Sunday, April 20, 2014

V.i. The Gravedigger Scene - Branagh '96

One of Branagh's tricks is to fill the smaller roles with big names to give them, and their words, more power and potency. Billy Crystal as the Gravedigger is one of the better examples of this. If there's a question as to whether this First Clown is foolishly dense (à la Dogberry) or pitting his wits against Hamlet, Crystal's performance and persona make it crystal clear that the latter is true. His Gravedigger is curious, thoughtful, witty, and used to being the smartest man in the room (in his circles anyway). And his incisive intelligence makes it clear as well that the text supports this interpretation better than the other. First, he has a reason to gently take down a nobleman, because he condemns them for having rights (in this case, suicide) the peasantry doesn't. There are nobles and there are noble professions. He sees the difference and it empowers him. Second, there comes a point when he wins the battle of wits, when Hamlet can't help but laugh, which in turn makes the Gravedigger smile. From then on, the Gravedigger answers questions straight, without word play or obfuscation.
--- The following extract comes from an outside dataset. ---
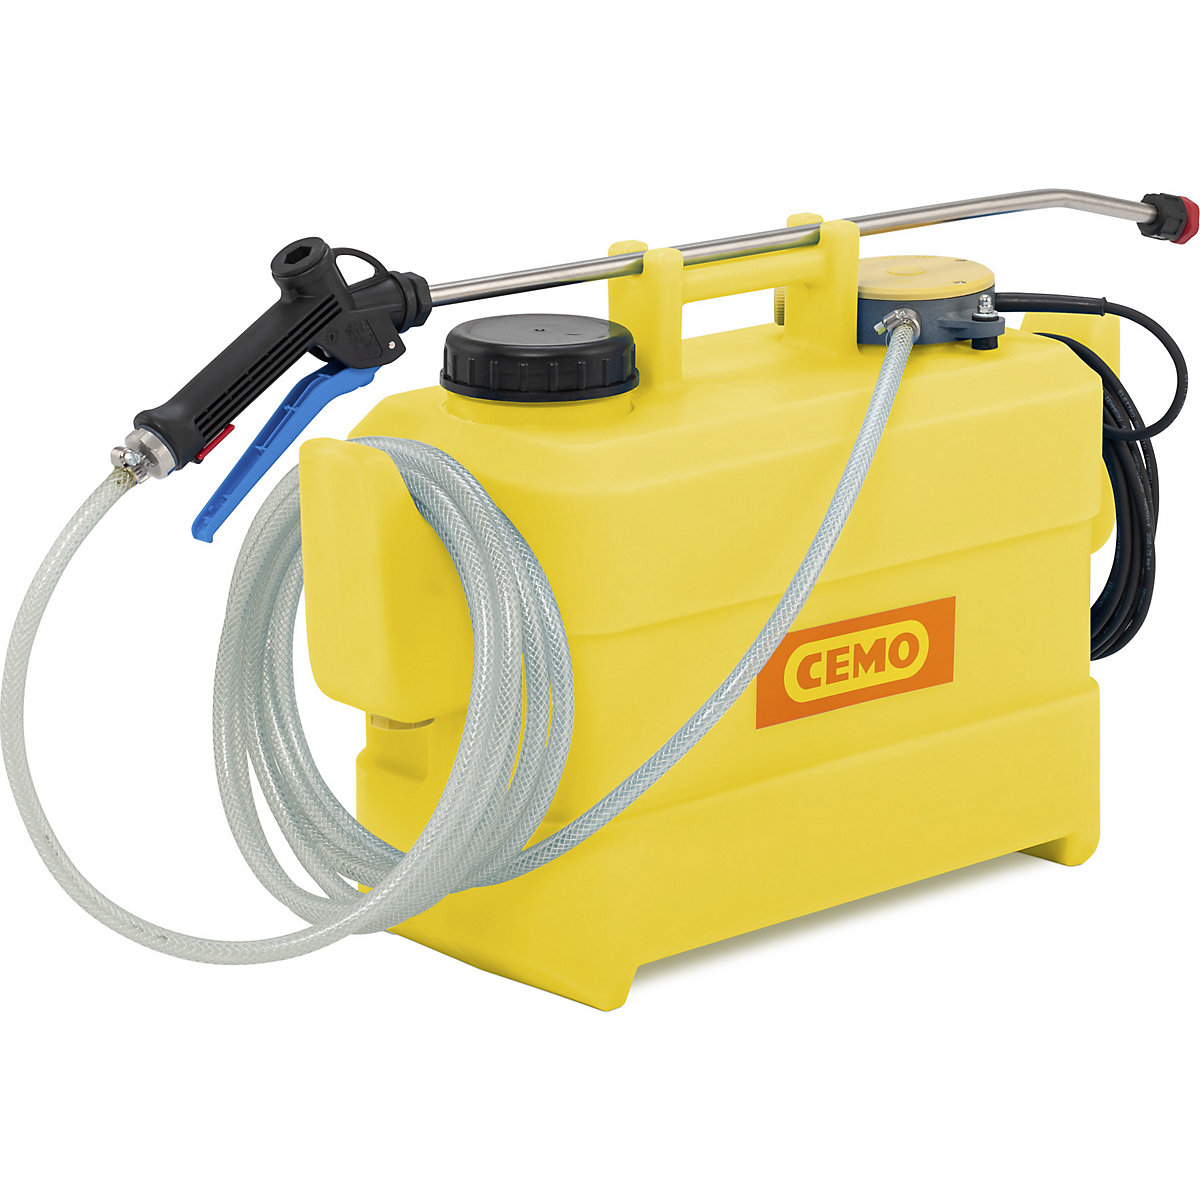 Electric sprayer with container for disinfectant solutions - CEMO

In other words, the first part of the exchange was a game, a character he was taking on, not unlike the madness assumed by Hamlet earlier. The Gravedigger twists words around and confounds Hamlet just as Hamlet had done to Polonius.

The other cameos are less obvious to American audiences, but still yield better performances than most. The Second Clown is played by Simon Russell Beale, for example, a famous stage Hamlet who gives his gravedigger a sweet innocence. The man is just happy to come up with an answer to the First Clown's joke, and so becomes the most basic of Shakespearean characters - one that hears and reacts to his own language. The dead clown in the scene, Yorick the jester, need not be played by anyone, but Branagh provides us with a flashback to Hamlet's youth - happier times - with Ken Dodd in Yorick's role. This has a few notable effects. It brings a reality to Hamlet's horror, as we too see the skull used to be a living, breathing, sparkling person. The flashbacks also give weight to the idea of Yorick as a surrogate father, though Hamlet Sr. is also in the flashbacks. The idea that Sr. is an idealized figure, while the real family had people like Yorick and Claudius in the actual, practical roles, is only slightly squelched by this. Finally, because Dodd's teeth are rather recognizable, it allows the production to create a similar skull, which is how the Gravedigger can tell who it is, and Hamlet can better recognize it as well.
Because we can tell the skulls apart, there seems to be some light satire to the idea that Hamlet at first identifies it as a lawyer's, and even absent any specific skull, could Shakespeare be doing the same in the text? Hamlet expounds on the decay of all these higher-class professions, but the revelation is that the one he's presented is a clown's. It's a subtle take-down of courtly life. Twisting it back on itself, the iconic image of Hamlet holding a clown's skull becomes a personal experience with death and decay, and turns a comedy scene into human drama again. Cutting to the Gravedigger who finds Hamlet's reaction rather deep and heavy provides some relief at least.

One of the lines that reached out for me in the performance is the one about Caesar's remains patching a wall to expel the winter's flaw. Perhaps it's the frozen-seeming, but winter and Denmark are necessarily connected in the play, and one might wonder if Hamlet is now seeing his own death as the required "patch" to fix a broken country. Everything he says from now on should be taken in the context of his readiness.